Creating repositories in which variables, models and figures can be saved later

In [20]:
if not os.path.isdir("Variables/"):
    os.mkdir('Variables/')
    print('Created new directory: Variables')

rqs = ['RQ1', 'RQ2', 'RQ3', 'RQ4', 'RQ5', 'RQ6', ]    
for question in rqs:
    if not os.path.isdir('Figures/'+question):
        os.mkdir('Figures/'+question)
        print('Created new directory: Figures/', question )
    
if not os.path.isdir('Models/'):
    os.mkdir('Models/')
    print('Created new directory: Models')
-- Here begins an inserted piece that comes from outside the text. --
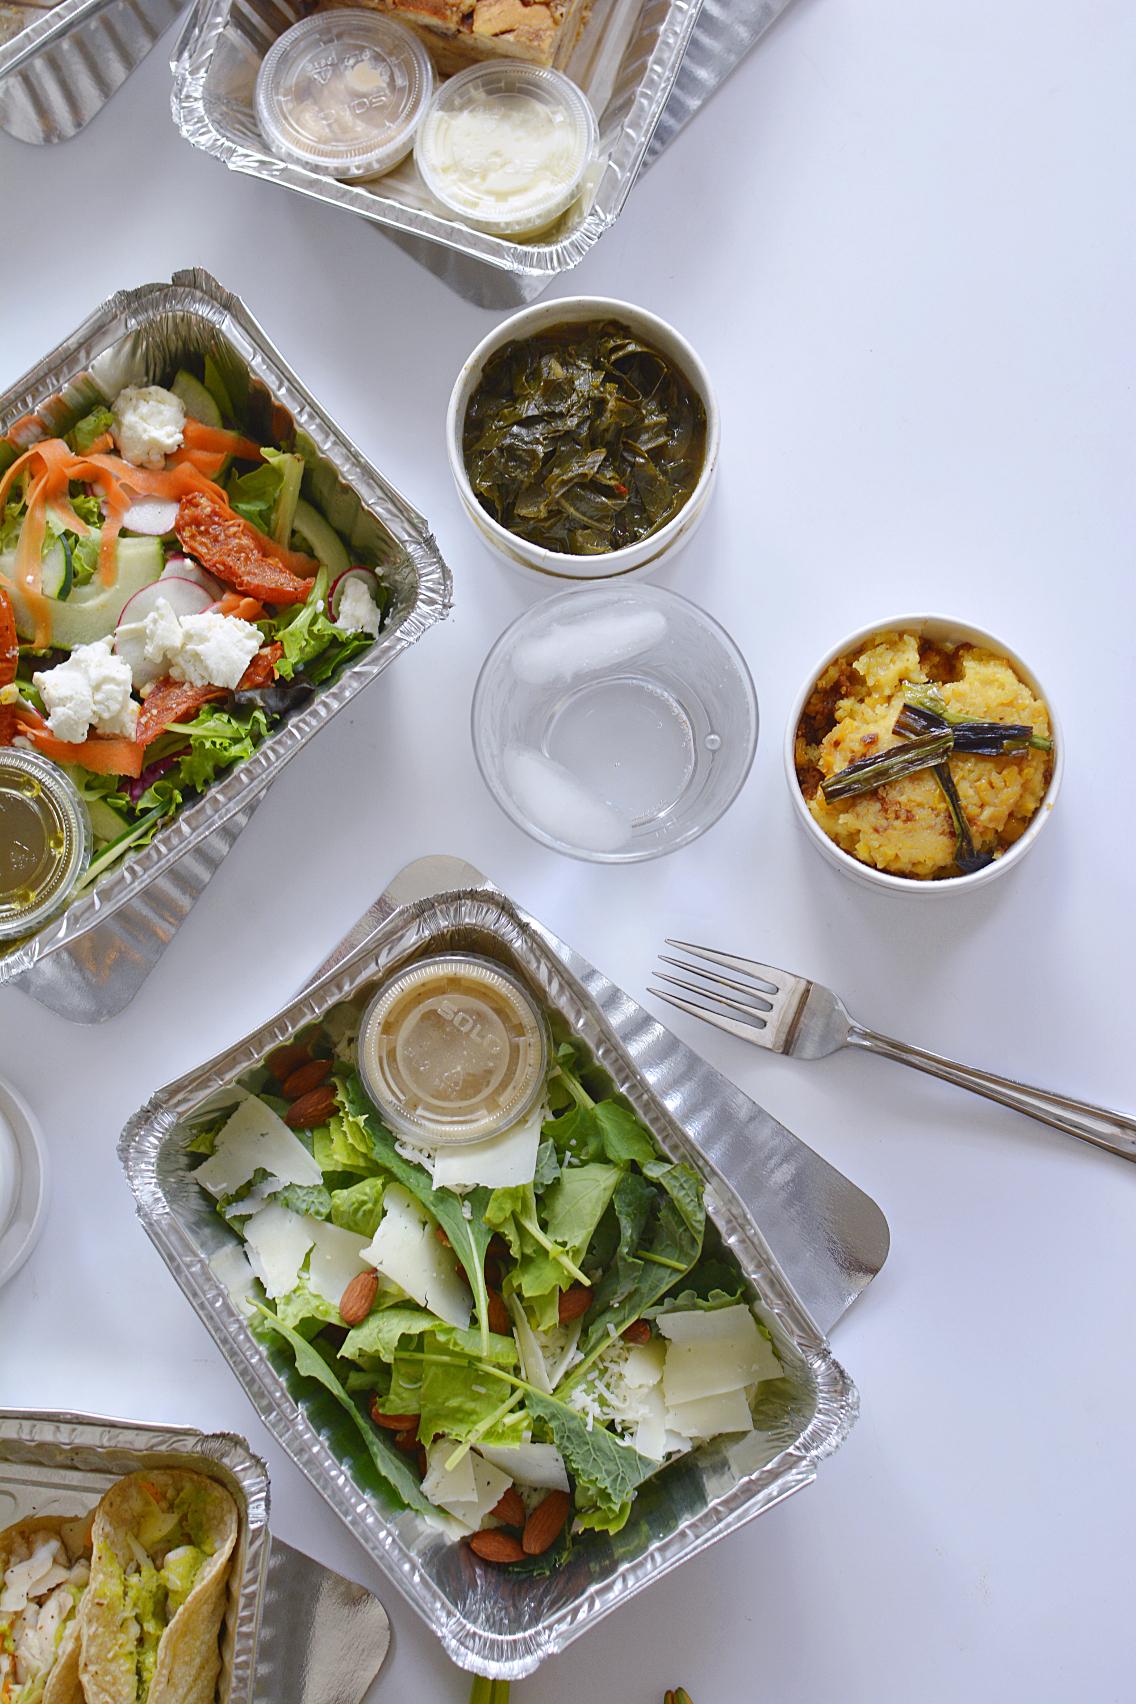 County BBQ DMK Kale and Romaine Caesar Salad 2
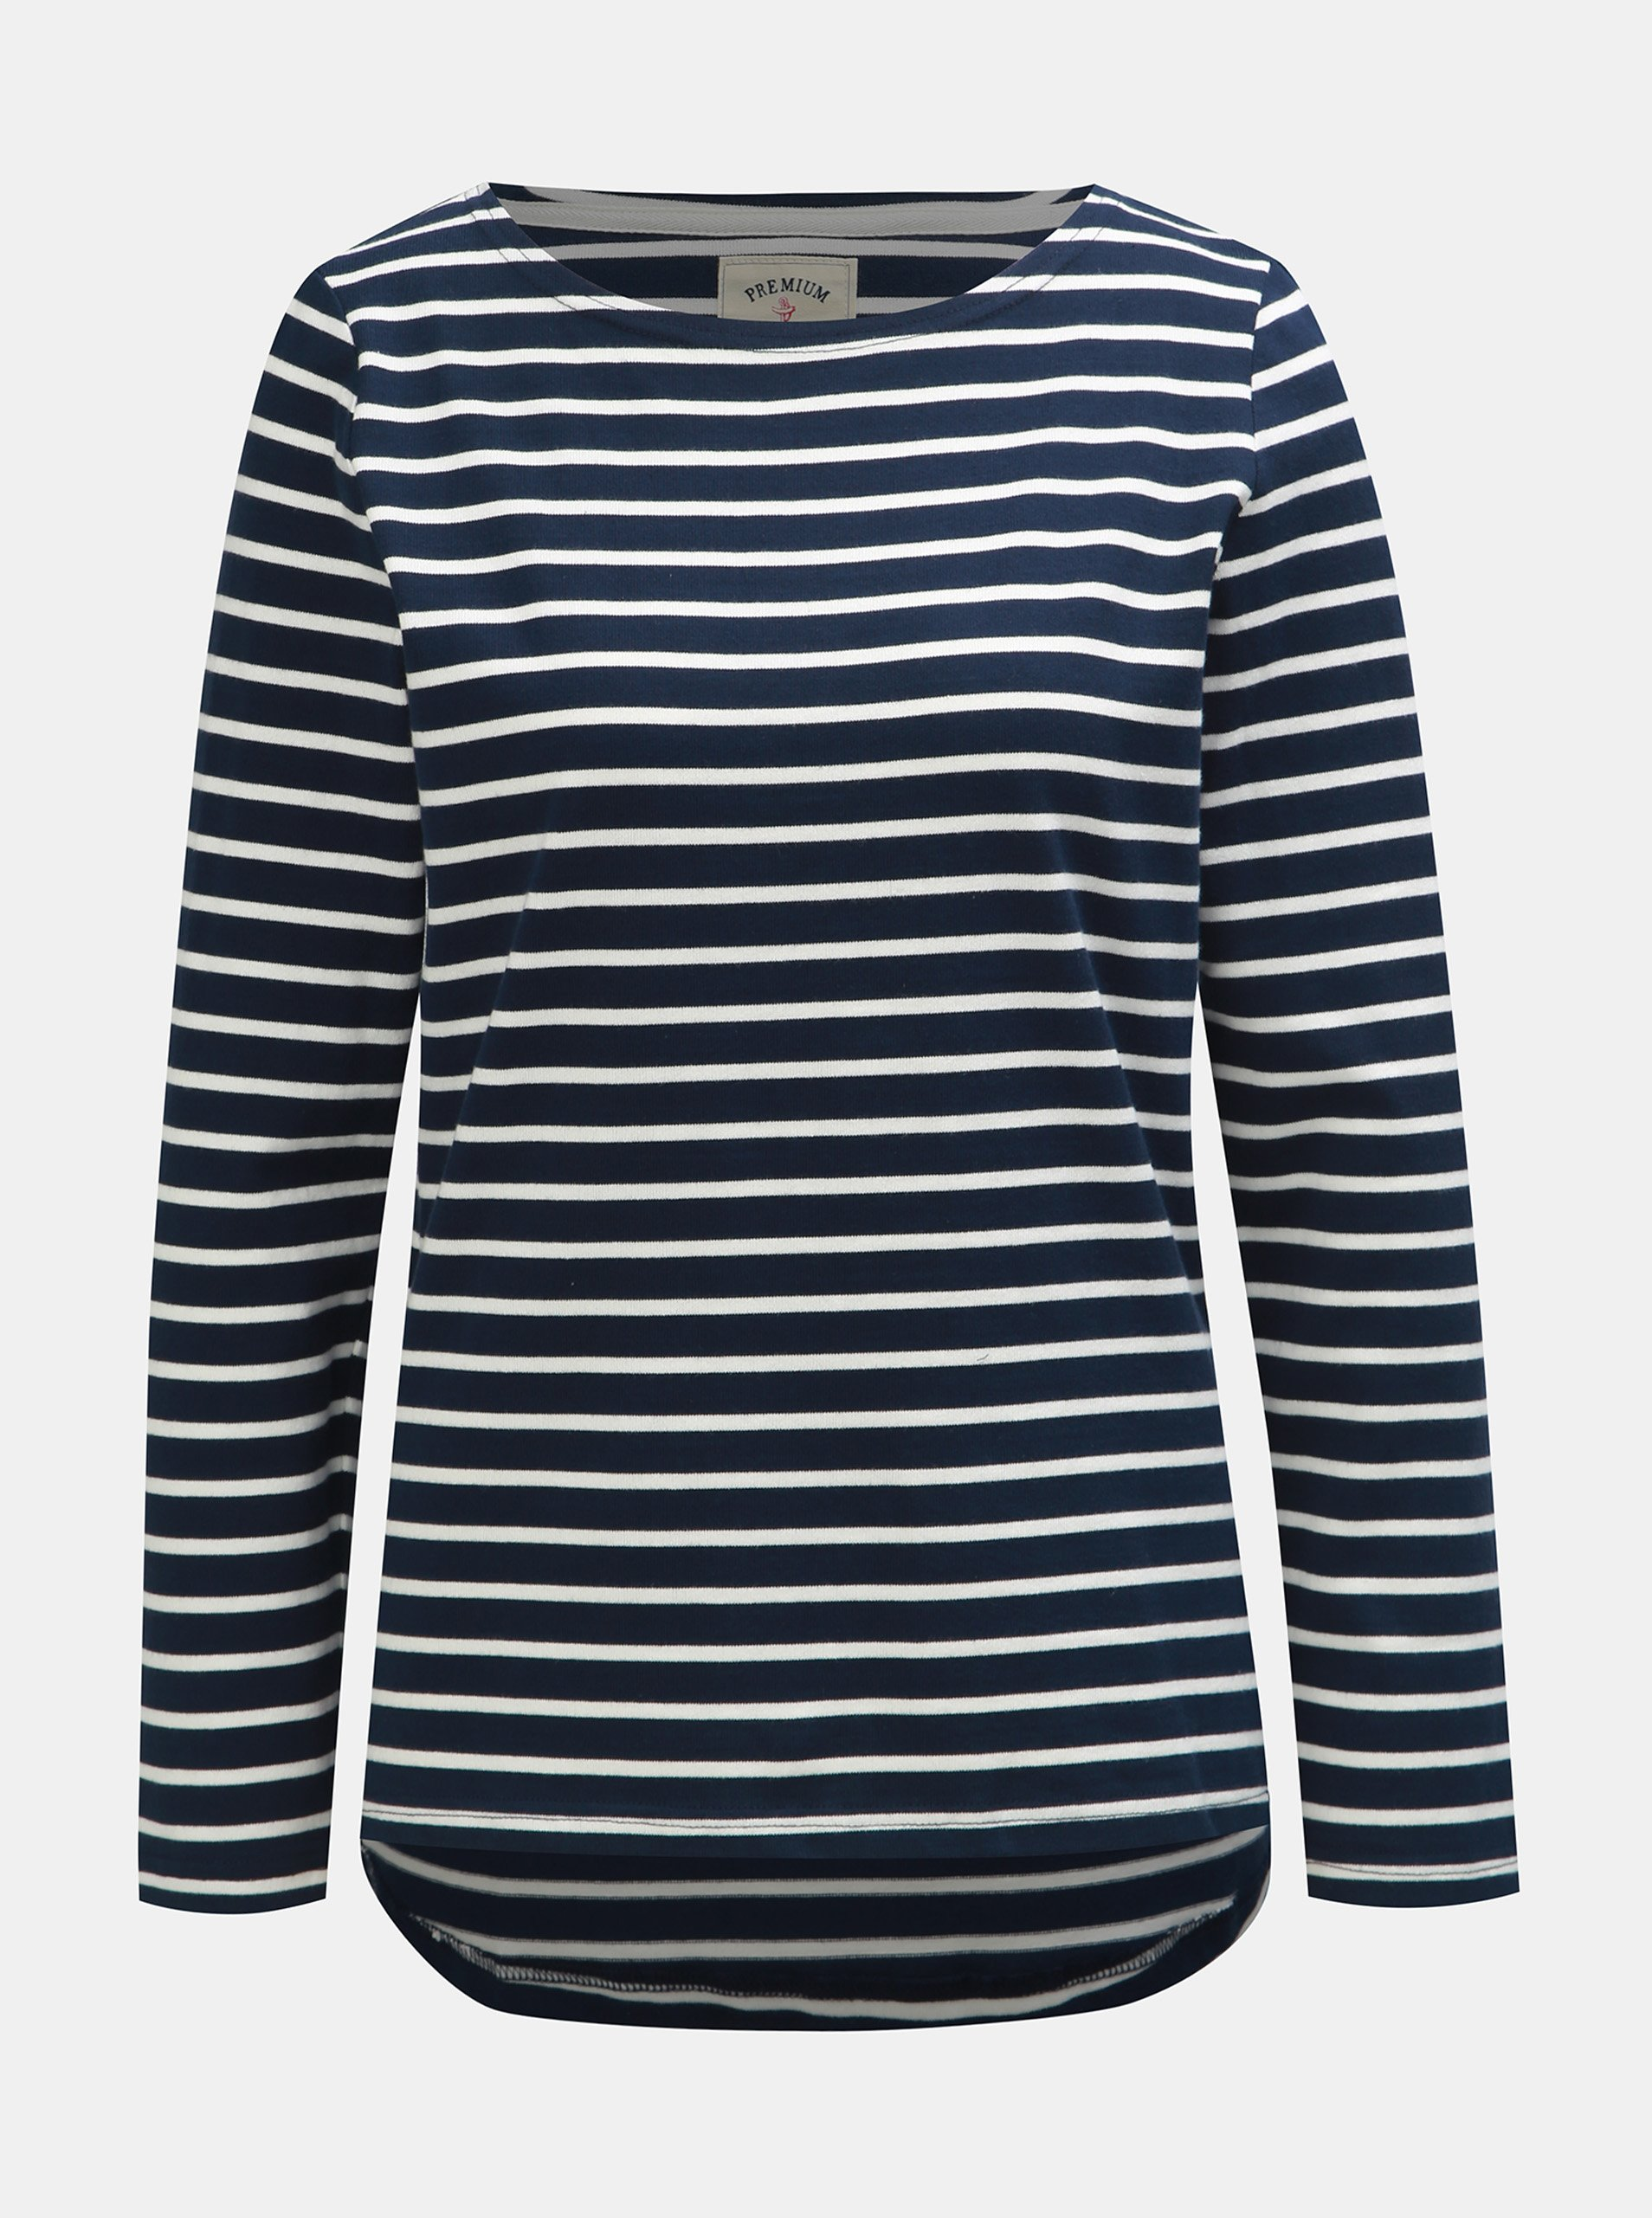 b640750641c Bílo-modrý dámský pruhovaný lehký svetr Tom Joule

Reading in zip-files of DHd-conferences where only PDF-files are accessible

In [22]:
filenames_pdf = ['Corpus/DHd_2014.zip', 'Corpus/DHd_2015.zip']
doc_statistics = []

# extracting text from pdf-files
all_pdf_texts = []
doc_names_pdf = []
en_count = [0] * 9
k = 0
for conference_file in filenames_pdf:
    archive = zipfile.ZipFile(conference_file, 'r')
    doc_names_year = []
    doc_statistics.append(len(archive.namelist()))
    for name in archive.namelist():
        if name[-4:] == '.pdf':
            doc_names_year.append(name)
            pdf_data = BytesIO(archive.read(name))
            # reading each pdf-file in the zip-archive
            with fitz.open(stream=pdf_data, filetype='pdf') as doc:
                text = ''
                for page in doc:
                    text += page.get_text()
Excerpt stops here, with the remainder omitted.